**Exercise:**
Omitting all images, set down every line below exactly as it appears.

**Data segment:**
-*-

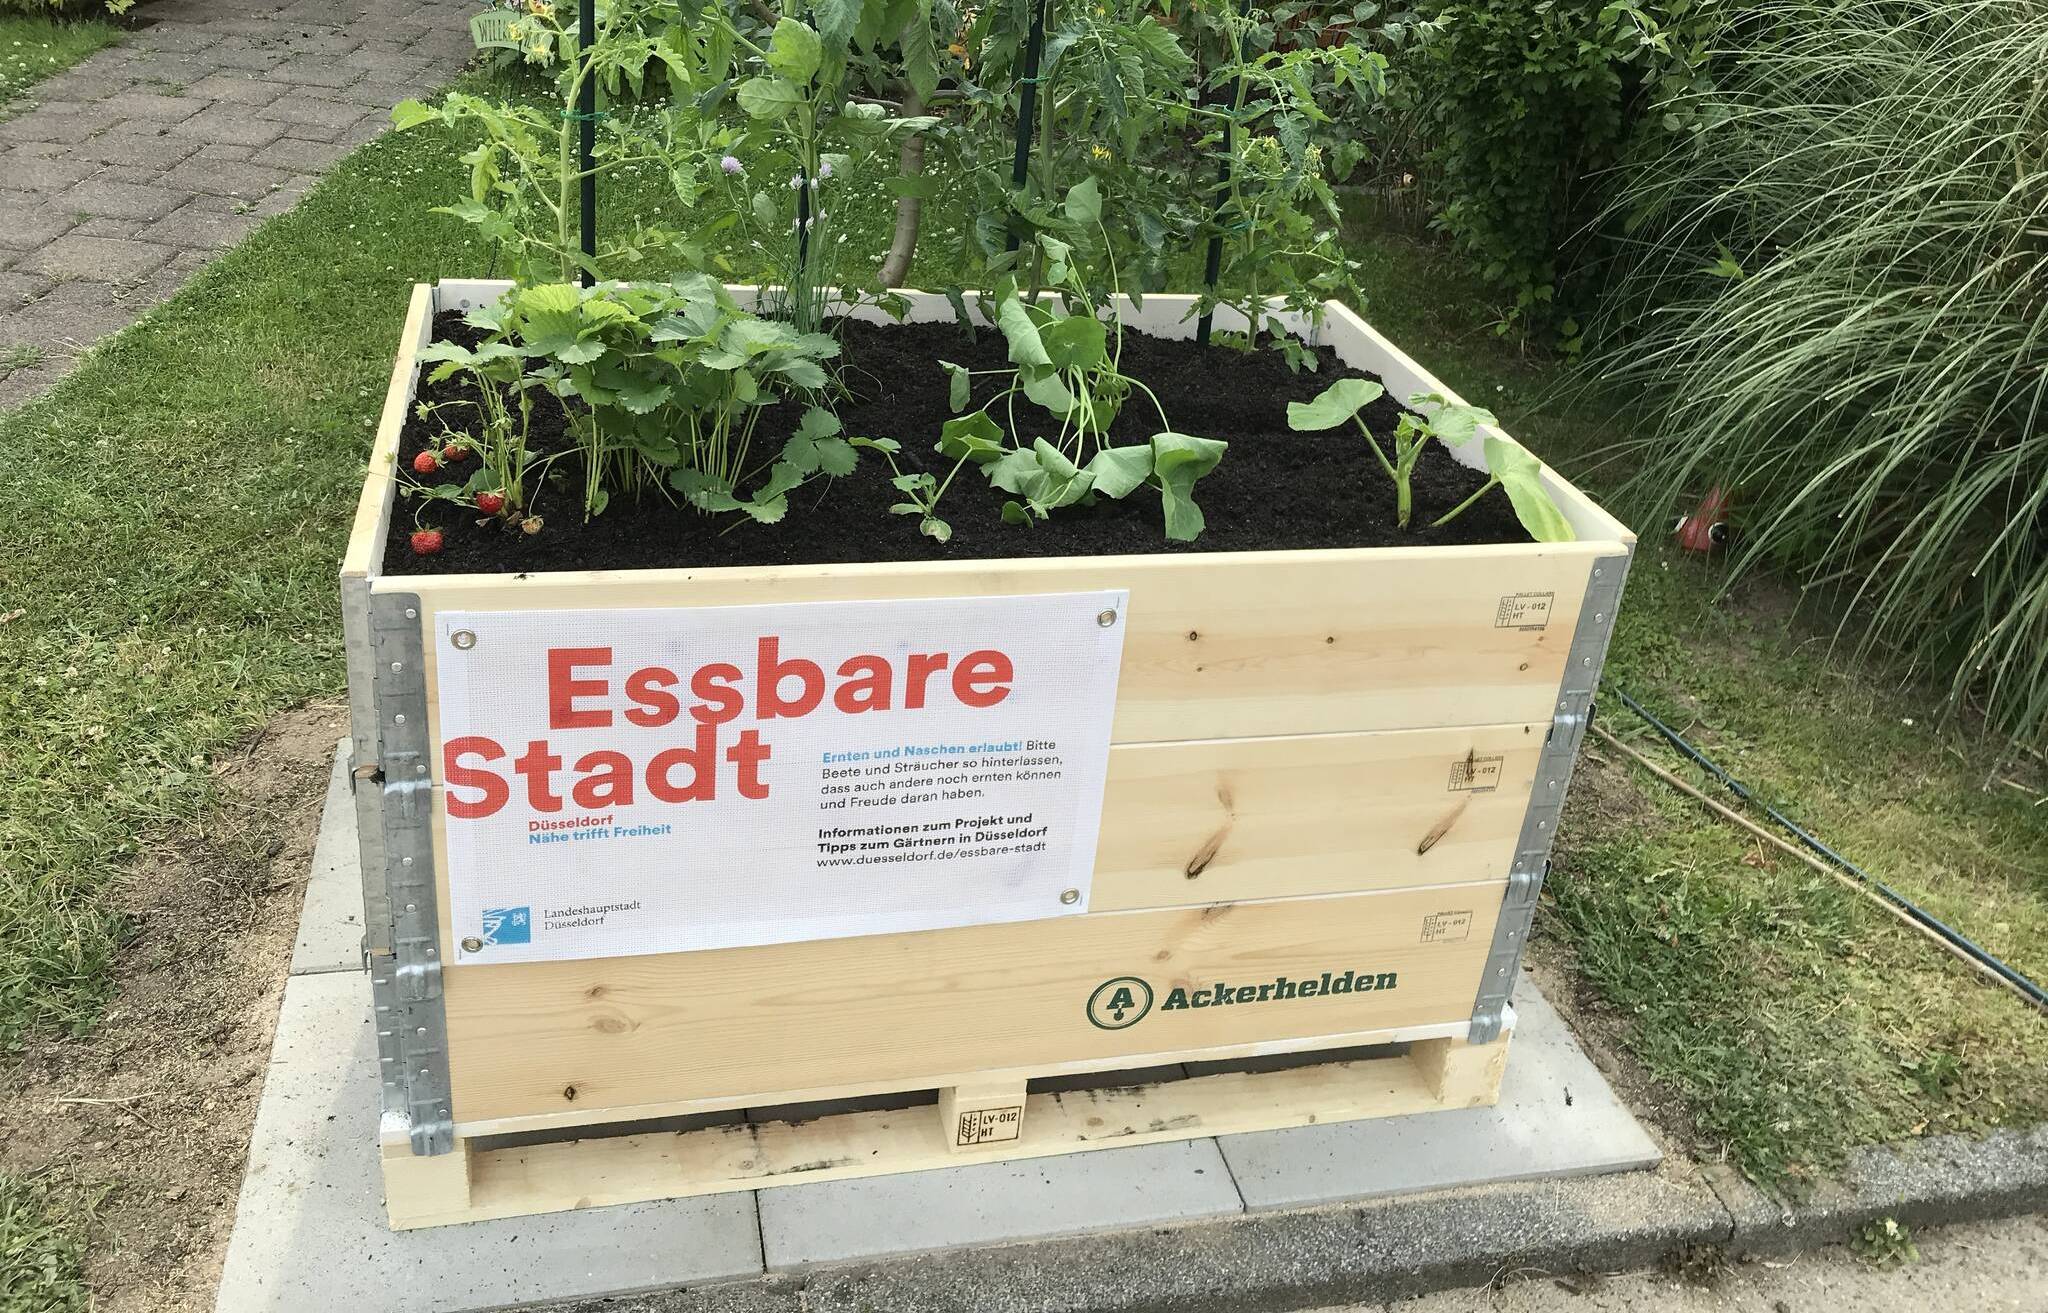  Im Zuge des Projektes "Essbare Stadt" besteht zum Beginn der Gartensaison im Frühling die Möglichkeit, ein "Bio-Hochbeet-Set" auf Bestellung anzufordern. Foto: Landeshauptstadt Düsseldorf, Umweltamt. 
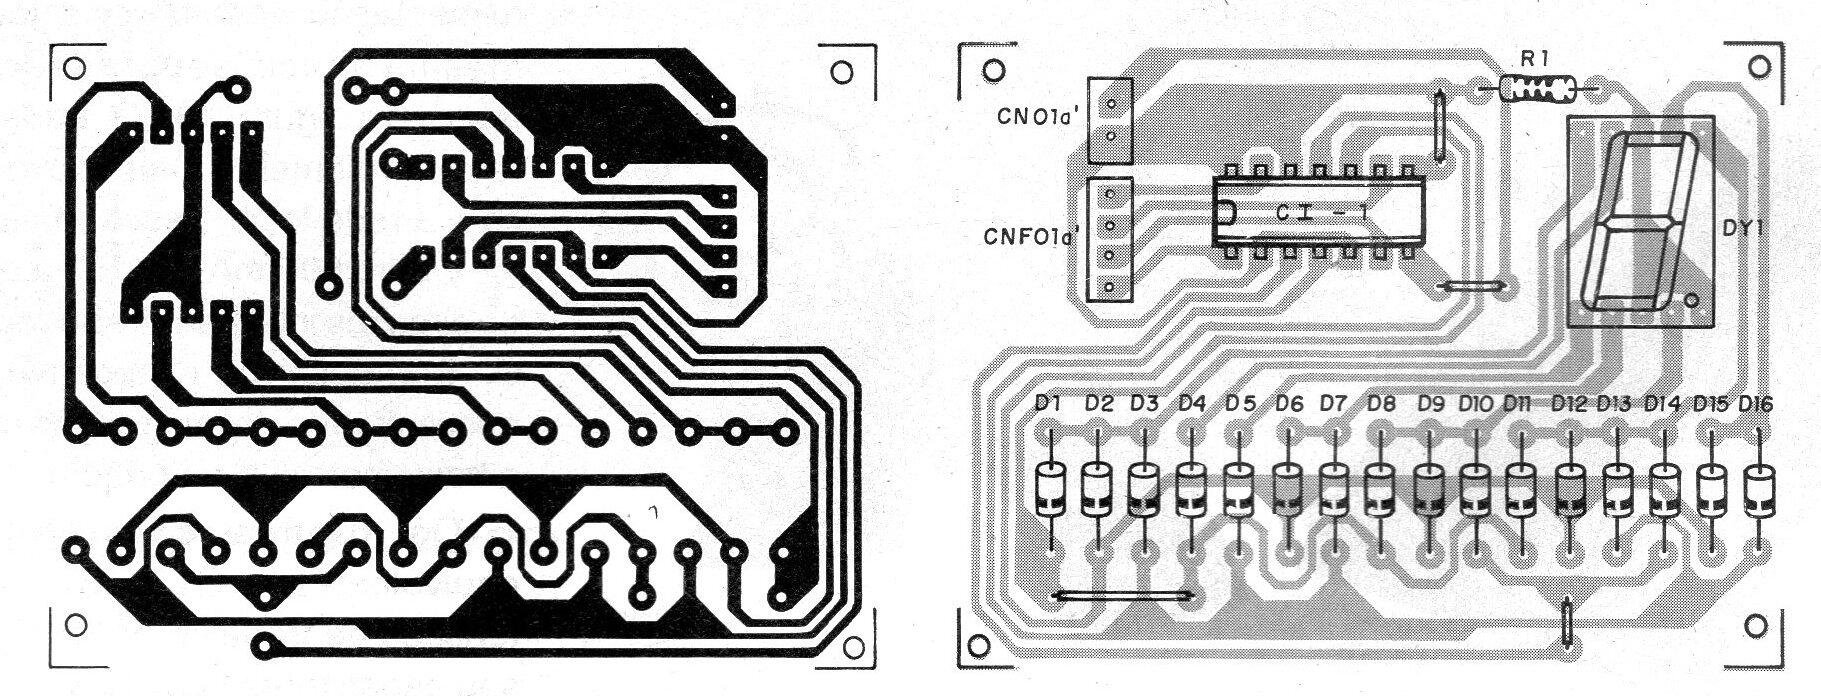    Figura 11 - Placa para el circuito del display
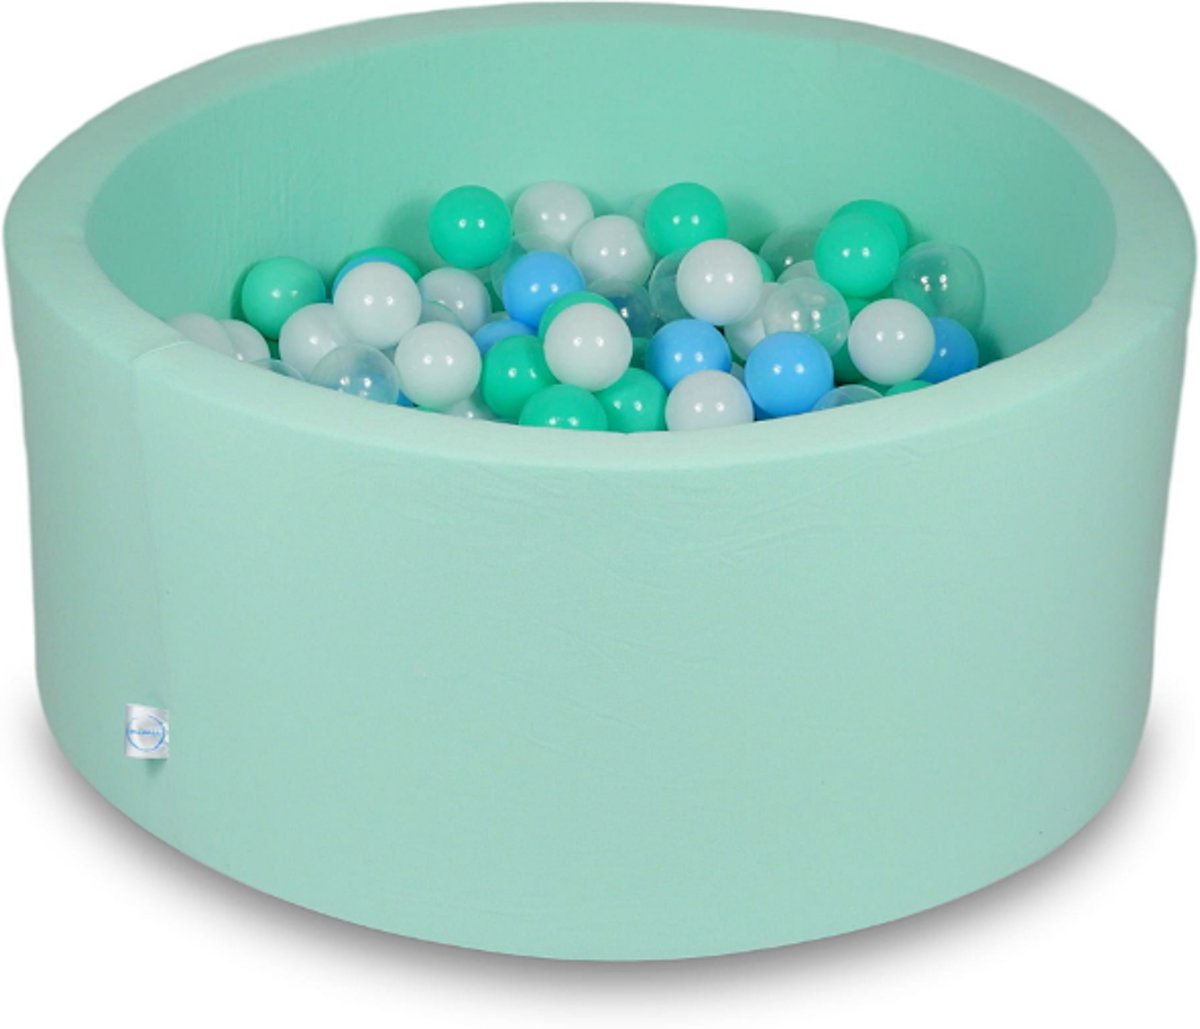 Ballenbak - 300 ballen - 90 x 40 cm - ballenbad - rond mint groen
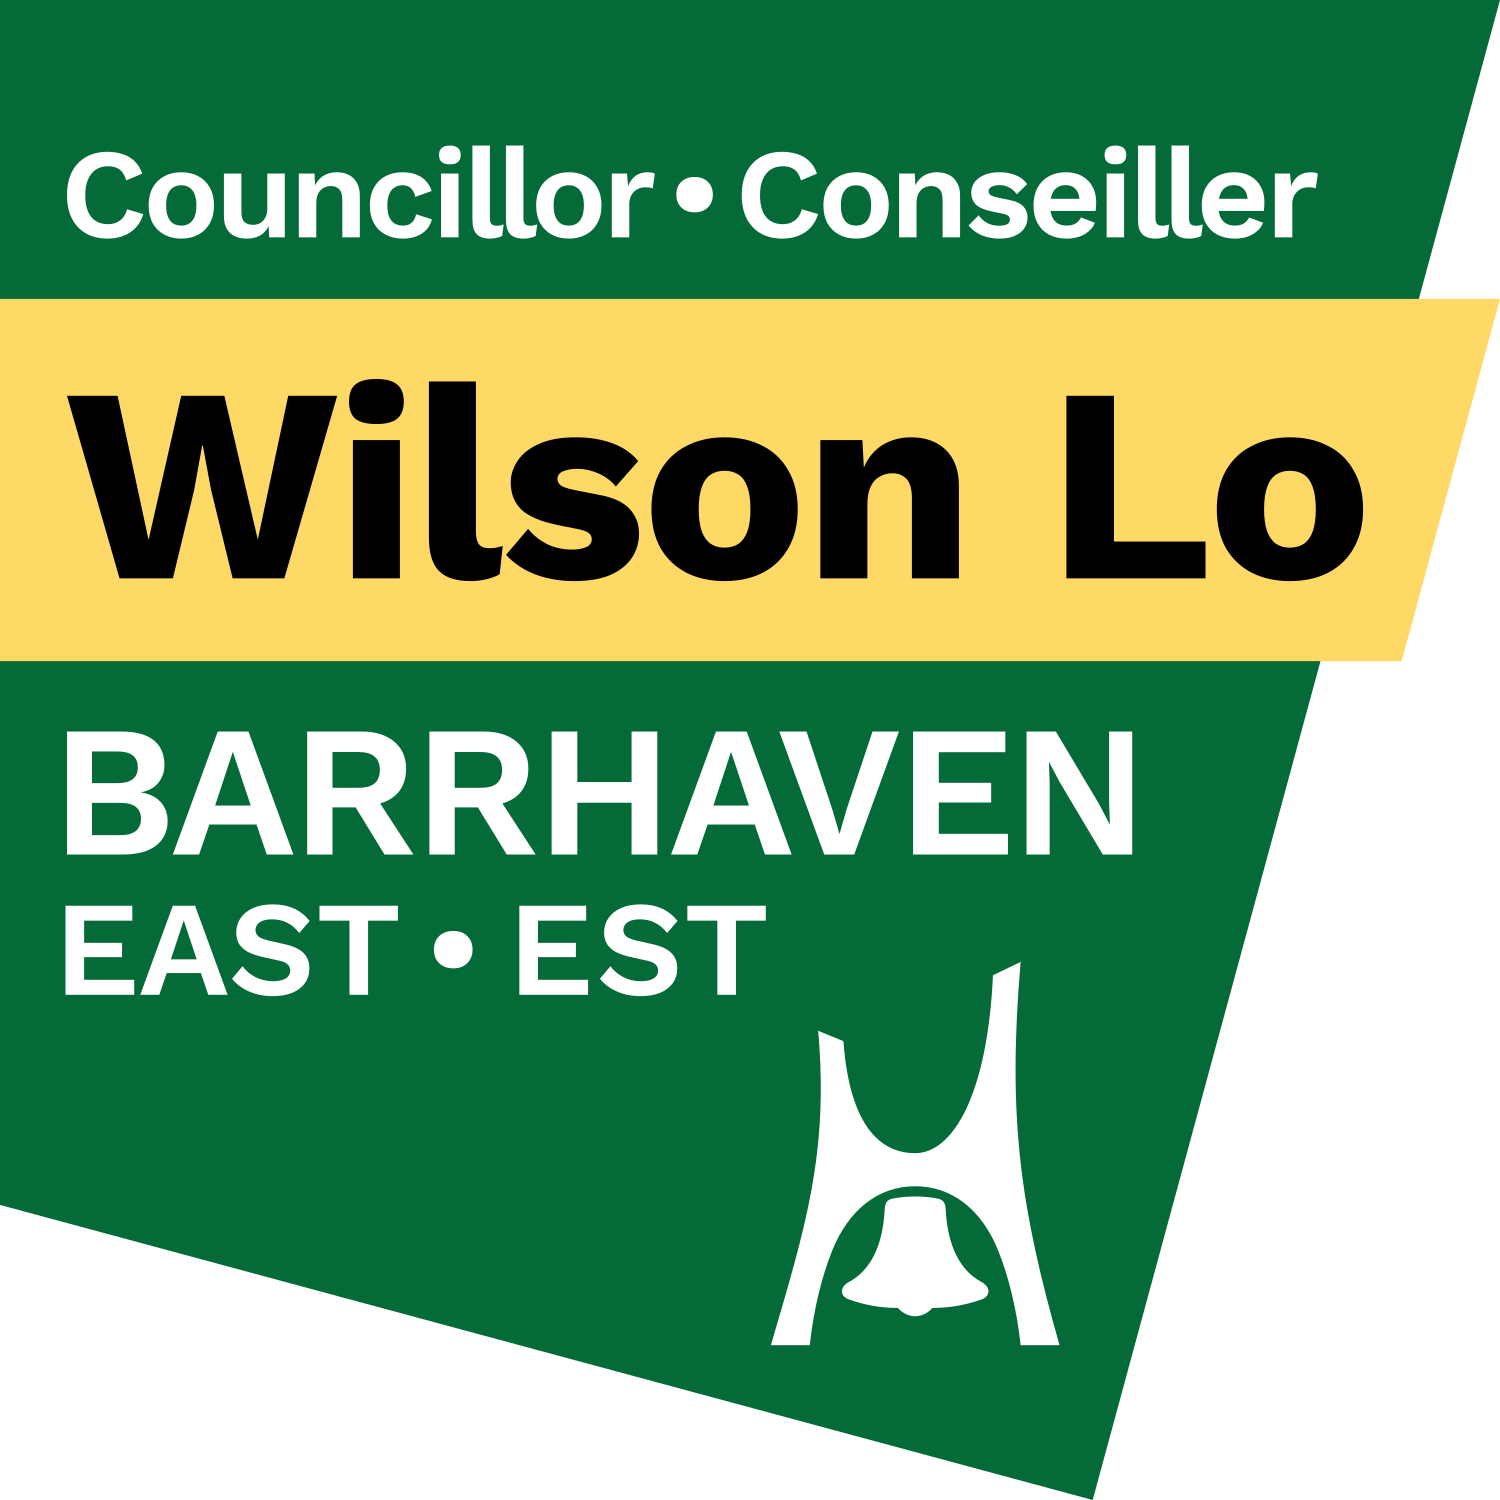 Councillor Wilson Lo - Ward 24

-*-

**Final answer:**
  Im Zuge des Projektes "Essbare Stadt" besteht zum Beginn der Gartensaison im Frühling die Möglichkeit, ein "Bio-Hochbeet-Set" auf Bestellung anzufordern. Foto: Landeshauptstadt Düsseldorf, Umweltamt. 
    Figura 11 - Placa para el circuito del display
 Ballenbak - 300 ballen - 90 x 40 cm - ballenbad - rond mint groen
 Councillor Wilson Lo - Ward 24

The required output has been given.